The sample of fewer NYSE shares making New Highs, line a, warned that fewer and fewer shares had been transferring the averages greater on the finish of the upper. This was supported by the surge in shares making New Lows as extra shares had been declining than rising.

In October it was the other scenario because the variety of New Lows peaked forward of the NYSE, line d, which was a optimistic signal. It was an indication that fewer shares had been pushing the NYSE Composite decrease. The simultaneous improve within the variety of shares making New Highs was in line with a backside and there was a brand new multi-month excessive final week, line c. They are nonetheless effectively beneath the May 2021 excessive of 674.

The Spyder Trust (SPY

) reached the help on the hourly chart (see Tweet) and violated the month-to-month pivot at $388.60 earlier than closing Friday at $395.88. The 20 day EMA and 50 day transferring common had been efficiently examined. Once above $400, the R1 is at $402.44 with the December excessive at $408.61.

The sharp value decline final Wednesday was not mirrored by the market internals which had been simply 2-1 unfavorable. By Thursday’s shut S&P 500 Advance/Decline line had dropped in direction of the help at line a after which reversed sharply to the upside. The NYSE Stocks Only Advance/Decline line examined the help at line b, earlier than turning greater.

The NYSE All Advance/Decline line was even stronger because it had solely a minor pullback earlier than closing at a brand new excessive for the 12 months on Friday.
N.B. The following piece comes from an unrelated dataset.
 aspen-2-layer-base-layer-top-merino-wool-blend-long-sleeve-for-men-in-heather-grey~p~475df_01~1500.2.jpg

This is a bullish signal for the general market and favors greater costs within the weeks forward.

So far in January, there are six of the extent S&P sectors which are up greater than 4% led by the Communications Services Sector (XLC
) which is up 12.7%. This ETF has 23.7% in Meta Platforms
(META) and over 22.6% in Alphabet (GOOG, GOOGL). The different two top-performing sectors had been Real Estate Sector (XLRE
) and Consumer Discretionary Sector (XLY
) as each had been up over 7%.

XLC has been greater for the previous three weeks after triggering a weekly doji purchase sign with the shut on January 6th. The transfer above the early December excessive at $52.19 completes the buying and selling vary on the every day chart. This has upside targets within the $60 space which corresponds to the resistance at $60.24, line a, and the 38.2% Fibonacci retracement resistance.

The relative performance (RS) is rising and above its WMA however now possible wants to maneuver above the resistance at line b, to substantiate that XLC is main SPY. The weekly OBV has closed above its WMA however continues to be effectively beneath the downtrend, line c.
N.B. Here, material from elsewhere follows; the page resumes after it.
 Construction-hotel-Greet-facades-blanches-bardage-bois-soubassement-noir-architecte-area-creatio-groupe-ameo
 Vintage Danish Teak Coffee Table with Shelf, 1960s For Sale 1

This week’s market motion has improved the technical outlook and offers additional proof for me that an essential inventory market backside is in place. It nonetheless appears {that a} majority on Wall Street are nonetheless too unfavorable on the inventory market and financial system. Some assume the rally to this point in 2023 is only a bull market entice.

That just isn’t supported by the NYSE All A/D Line and it’ll take a a lot stronger rally earlier than they’re satisfied. It would now take an enormous draw back reversal and a detailed beneath the prior two week lows to reverse the technical enchancment. Just keep in mind to stay with the market leaders and don’t overlook to handle your threat.